▶

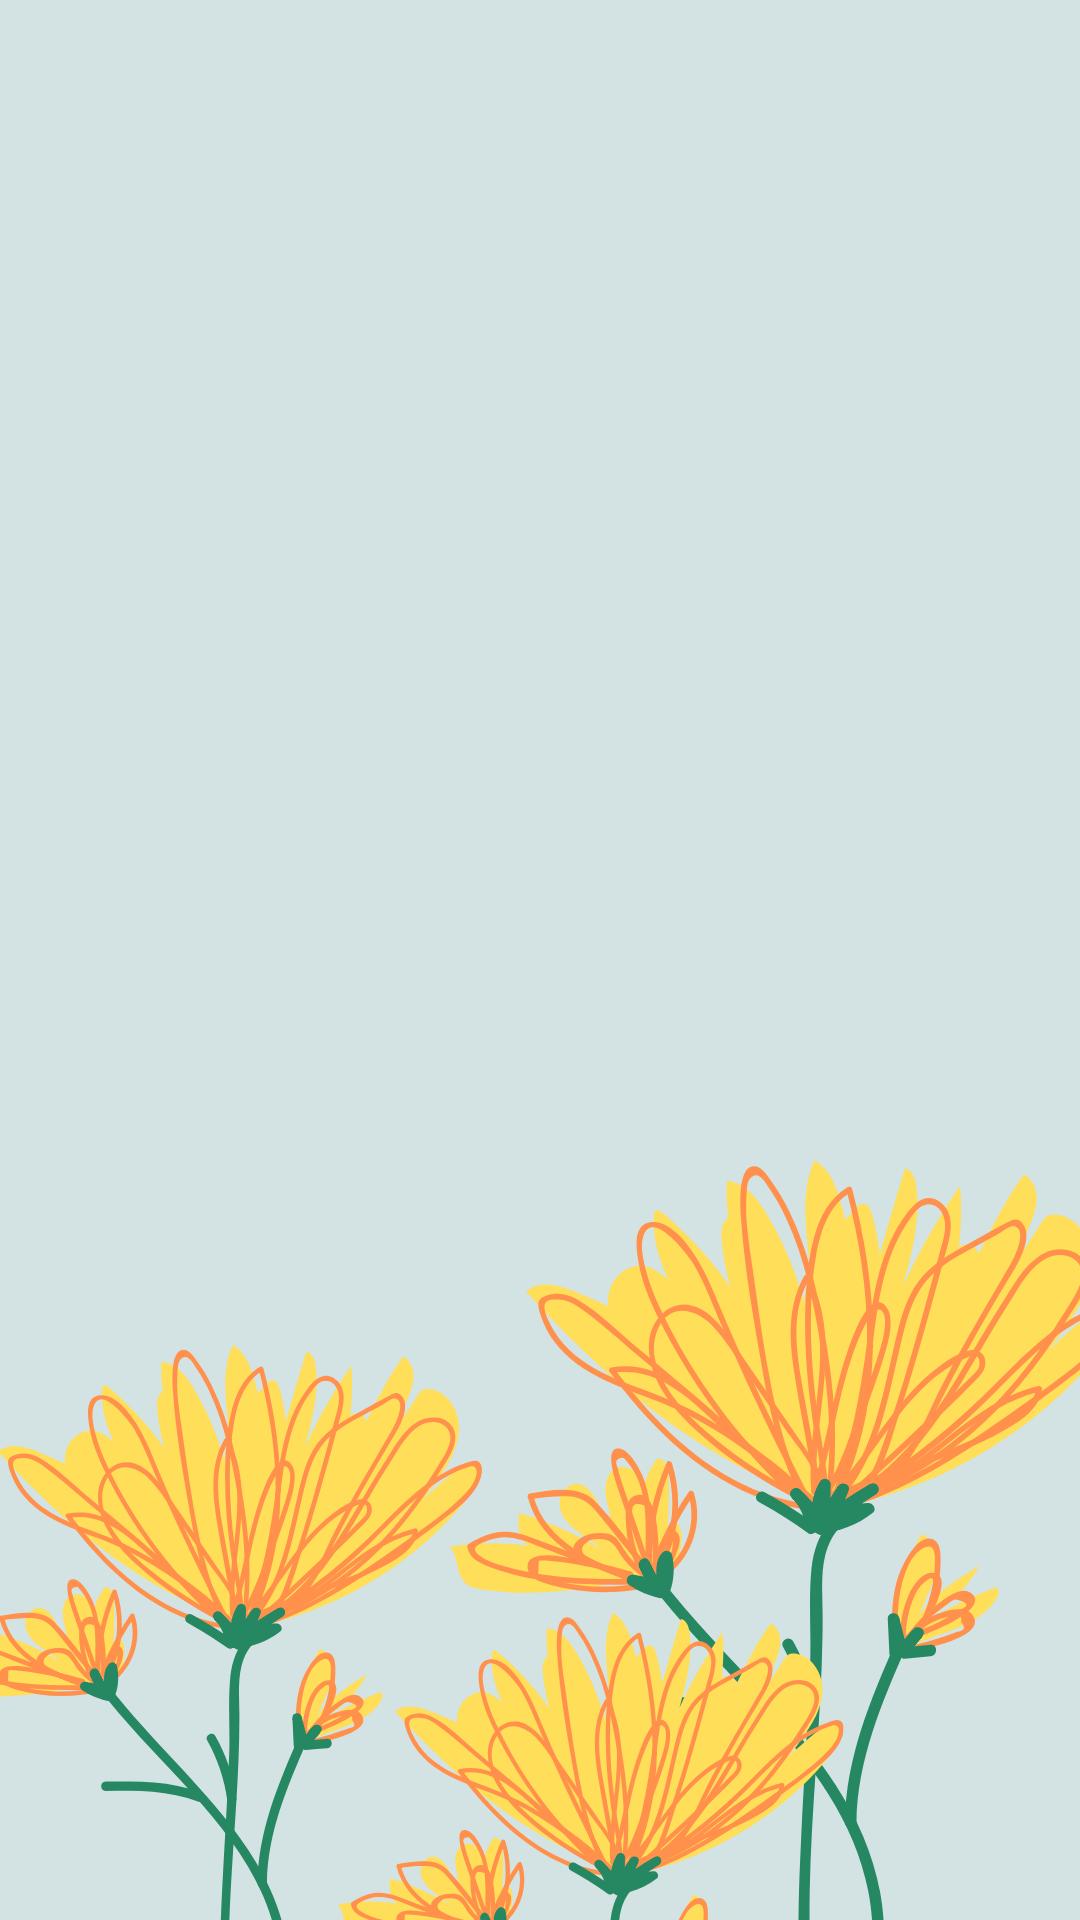 Artsy Aesthetic Wallpaper : artsy, aesthetic, wallpaper, Spring, Phone, Wallpapers, Flower, Wallpaper,, Wallpaper, Patterns,
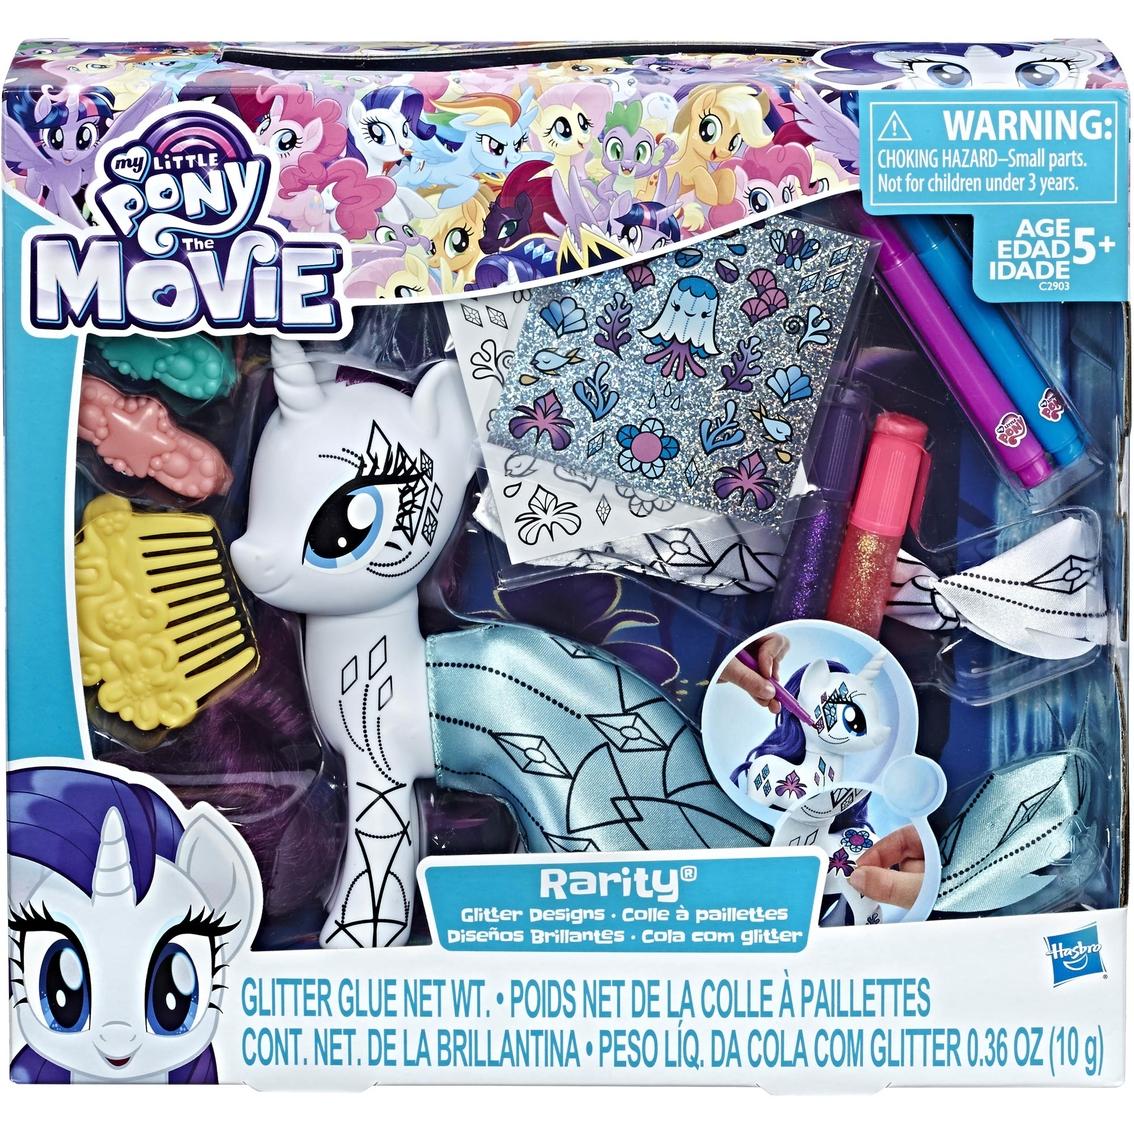 8854223ad1 My Little Pony The Movie Rarity Glitter Designs
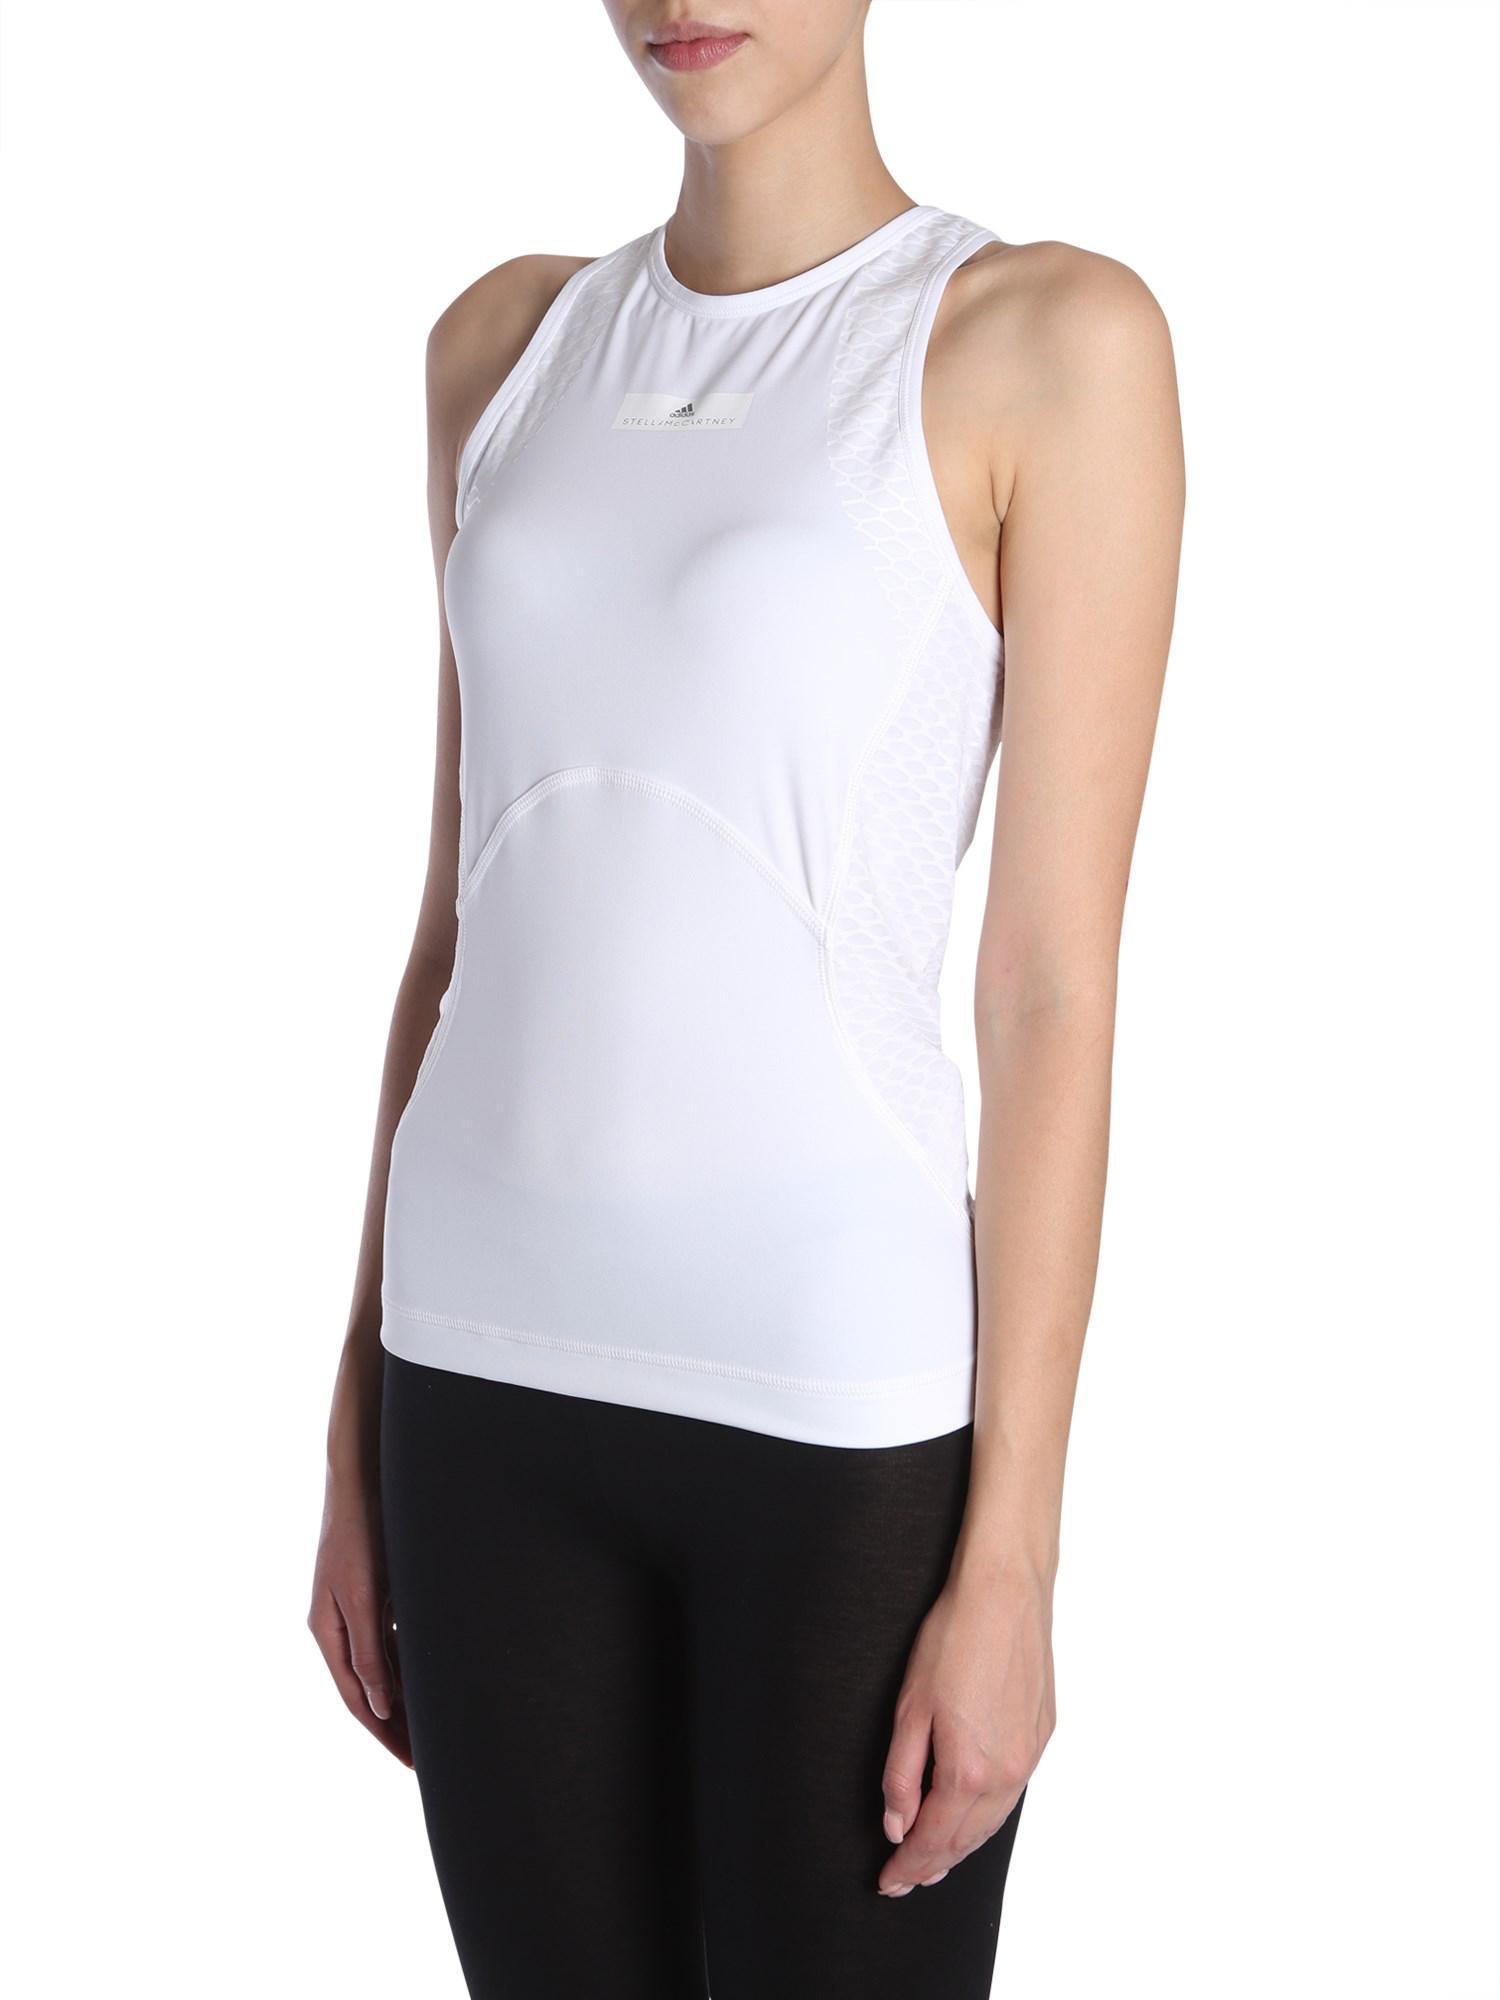 1c62fa476d Adidas By Stella McCartney - White Tank Top - Lyst. View fullscreen

◀

_What the exercise asks_
Copy all of the data above exactly. Leave out every picture.

_Result of this task_
 Artsy Aesthetic Wallpaper : artsy, aesthetic, wallpaper, Spring, Phone, Wallpapers, Flower, Wallpaper,, Wallpaper, Patterns,
 8854223ad1 My Little Pony The Movie Rarity Glitter Designs
 1c62fa476d Adidas By Stella McCartney - White Tank Top - Lyst. View fullscreen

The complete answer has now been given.